## Exercise brief
Restate word for word the opening line of the data below and every line after it until the line with "Il y a 55 ans, Valentina", that line too, but not the pictures.

(Exercise data Opens)

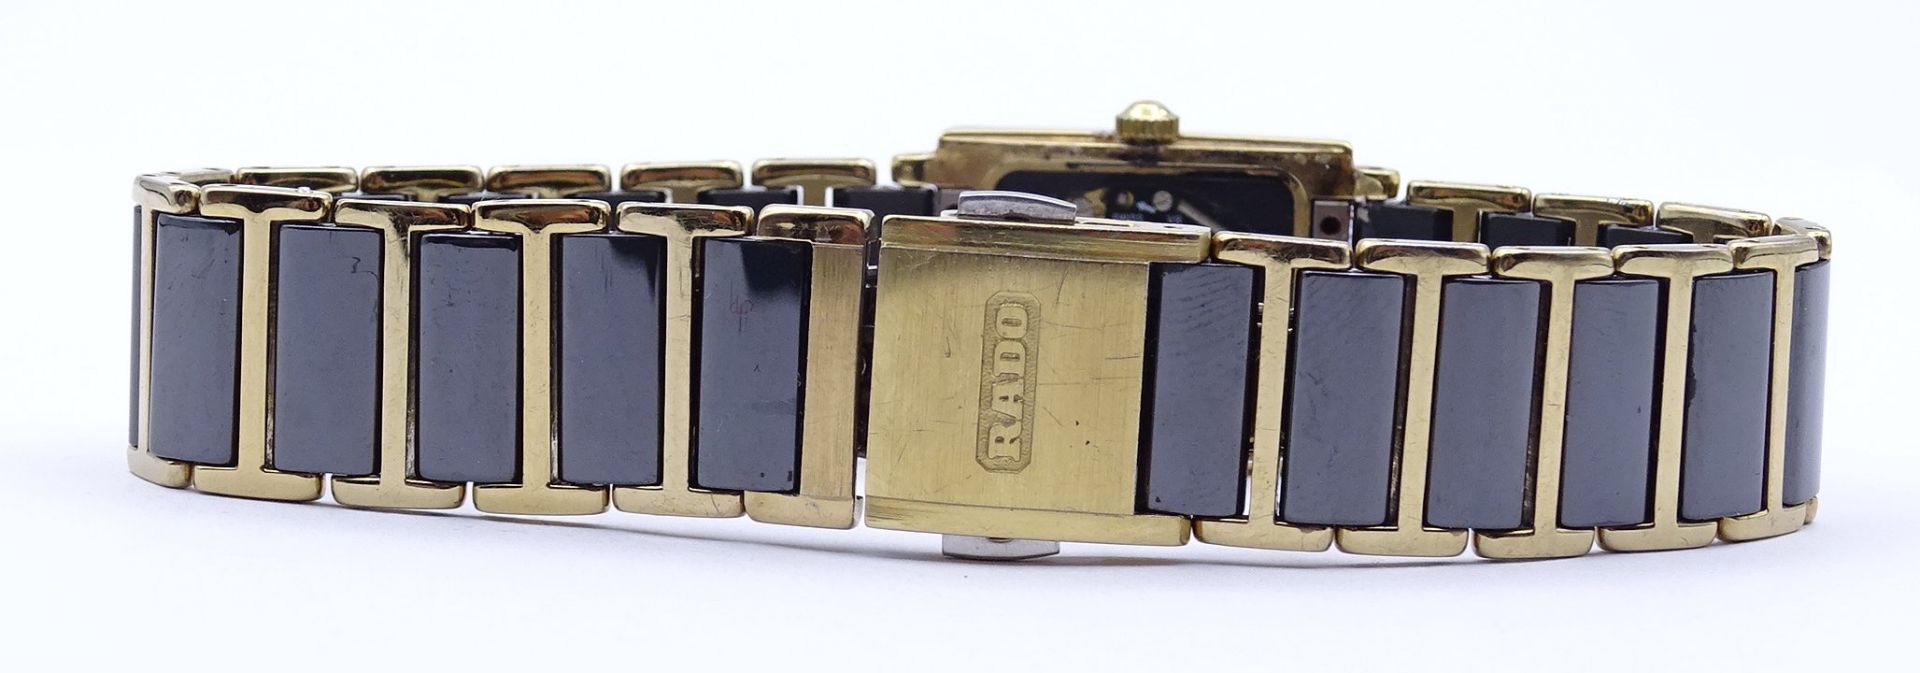 Damen Armbanduhr "Rado Diastar", Quartzwerk, Saphirglas, Keramikband,Gehäuse 18x22mm,Funktion nicht - Bild 4 aus 6
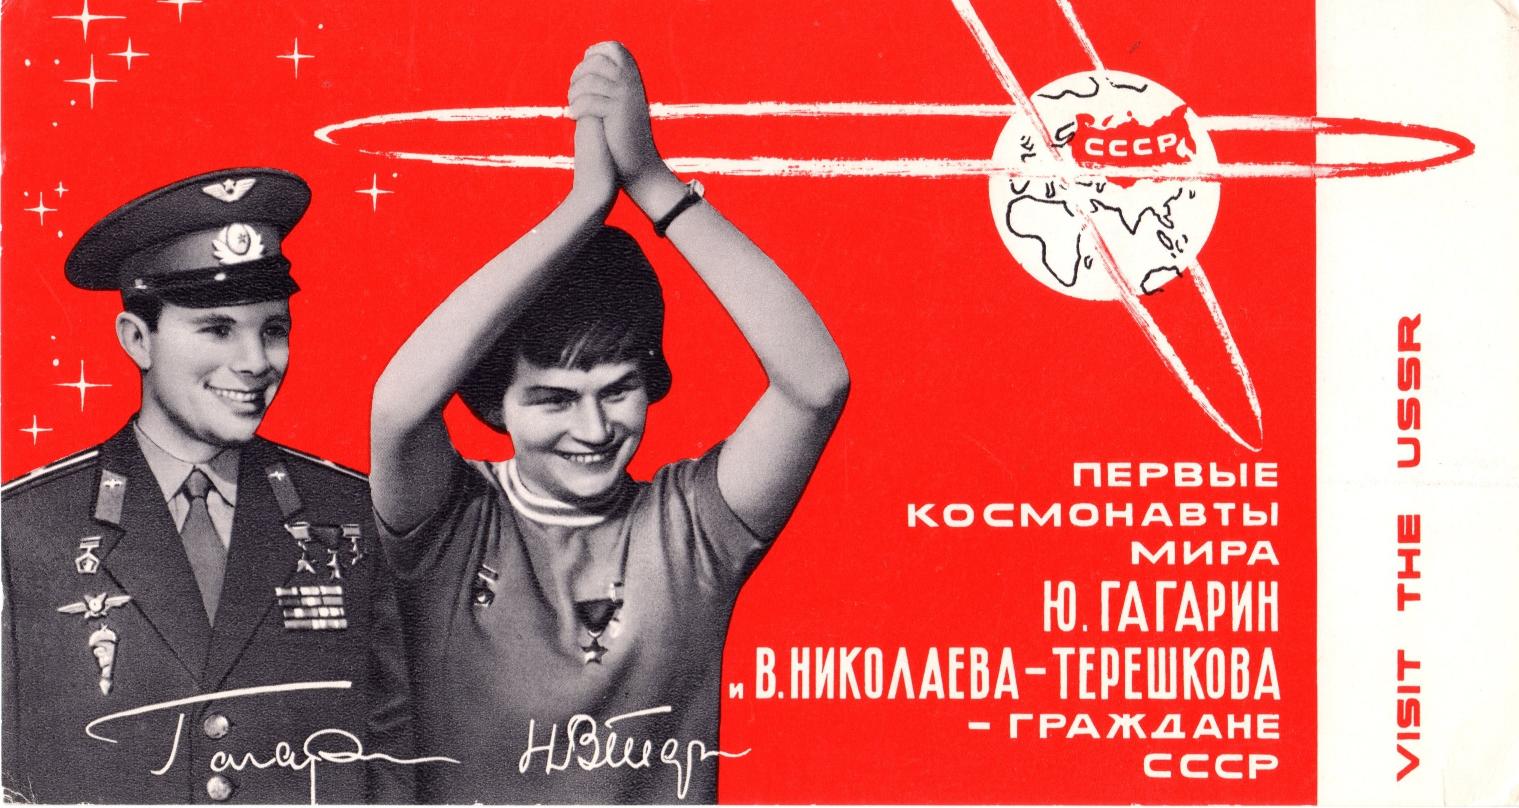 Il y a 55 ans, Valentina Terechkova - 2. Le vol et la portée médiatique
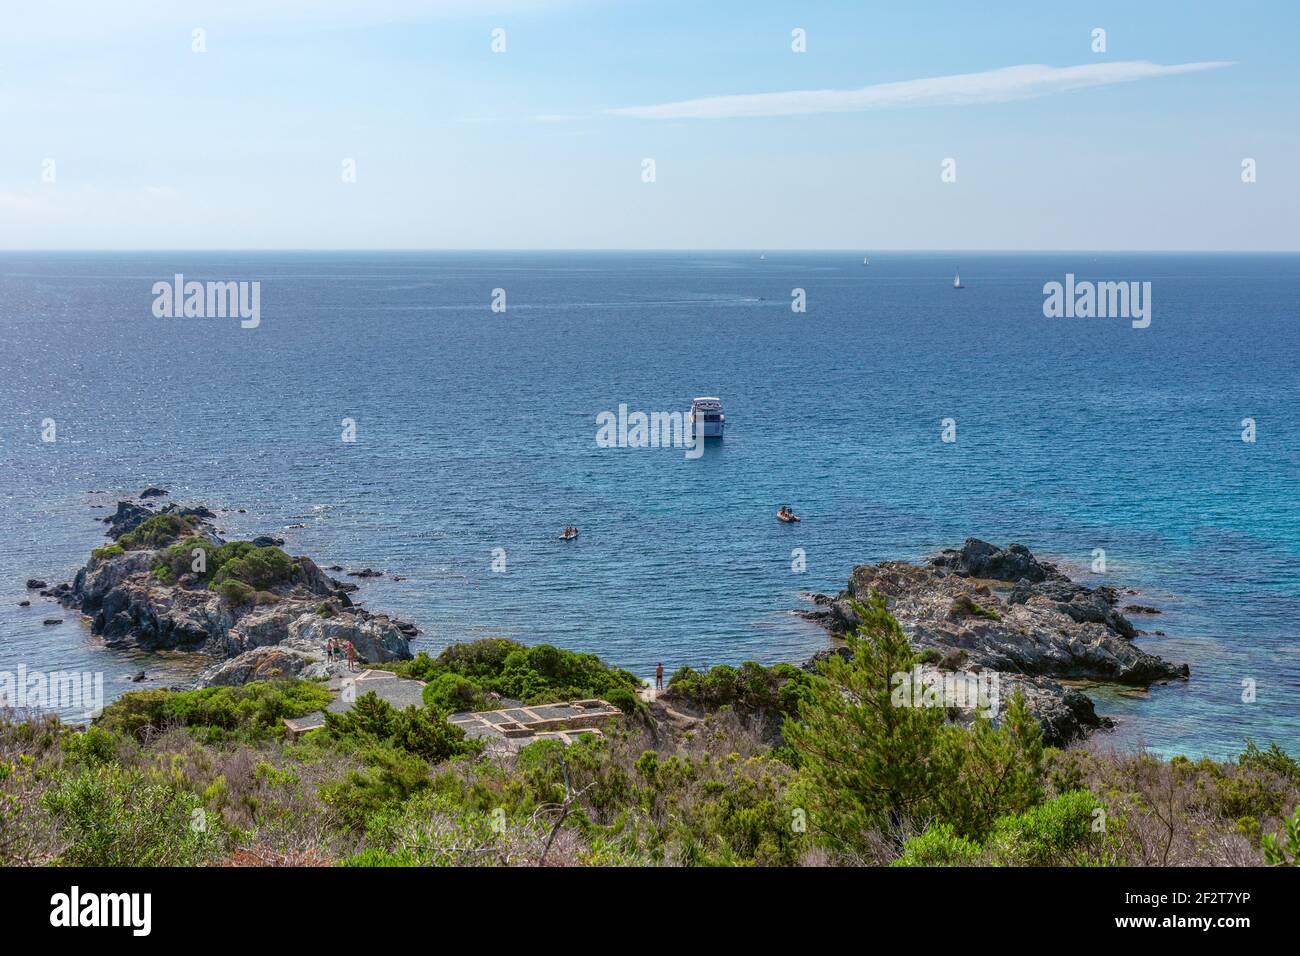 Schöne Aussicht auf die felsige Küste der Insel Elba, blaues Meer und Boote. Insel Elba, Toskana, Italien Stockfoto
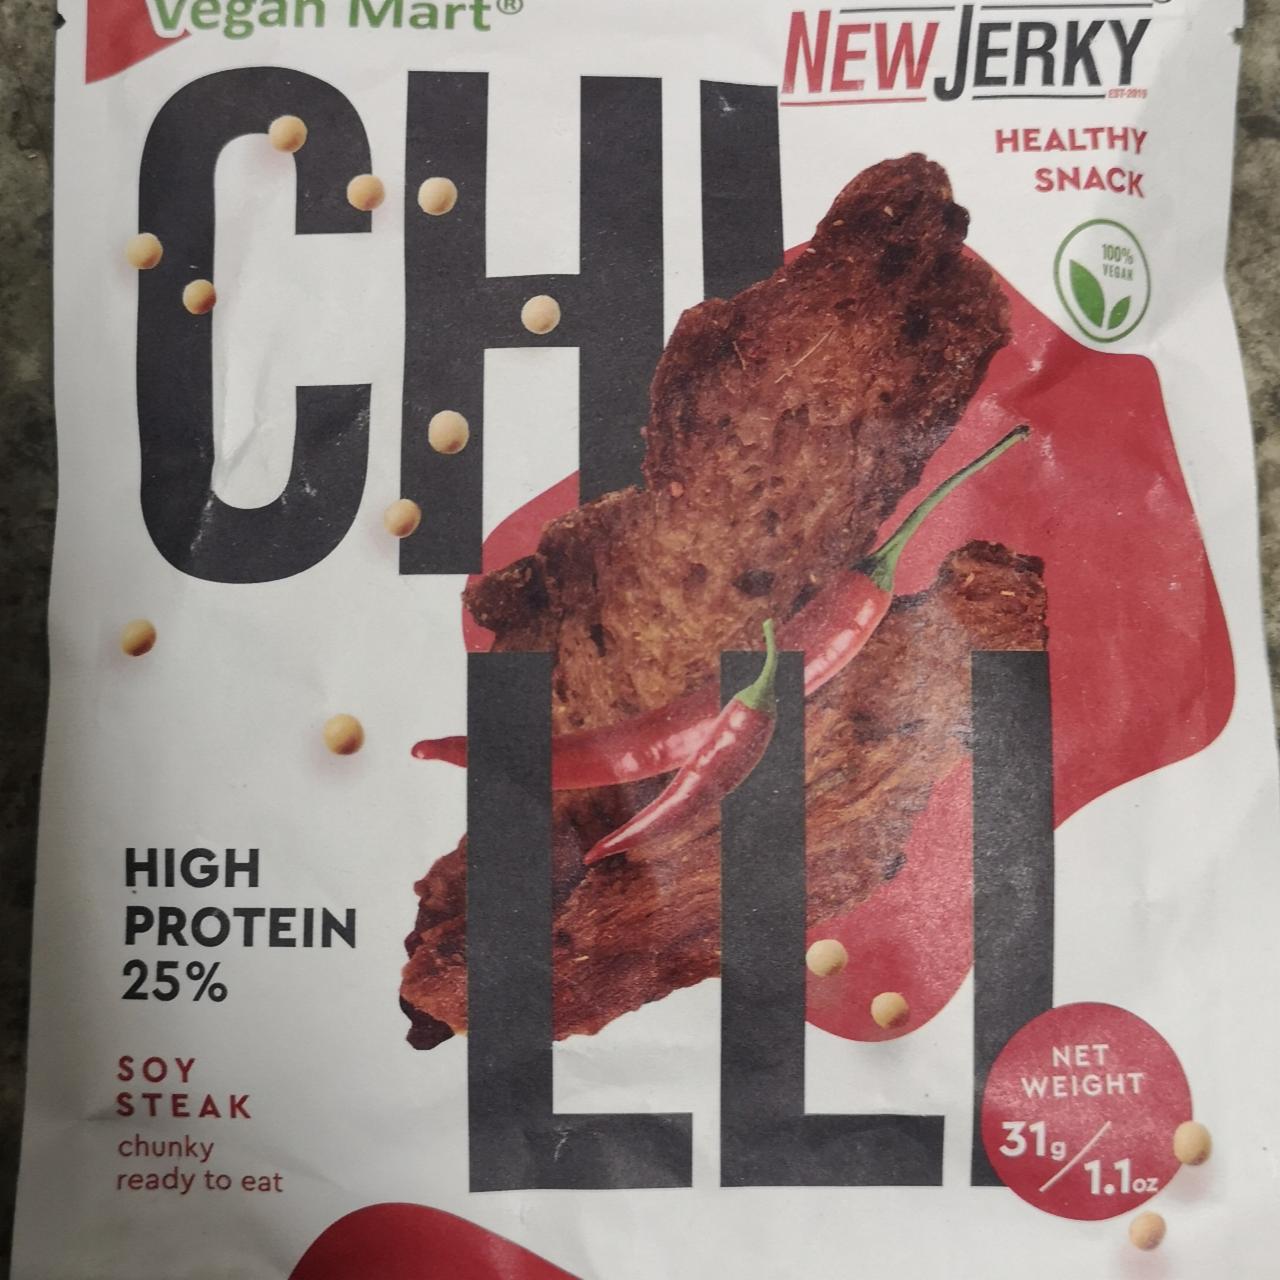 Fotografie - New Jerky Chilli Soy Steak chunky high protein 25% Vegan Mart

(Exercise data Closes)

## Solution for this problem
 Damen Armbanduhr "Rado Diastar", Quartzwerk, Saphirglas, Keramikband,Gehäuse 18x22mm,Funktion nicht - Bild 4 aus 6
 Il y a 55 ans, Valentina Terechkova - 2. Le vol et la portée médiatique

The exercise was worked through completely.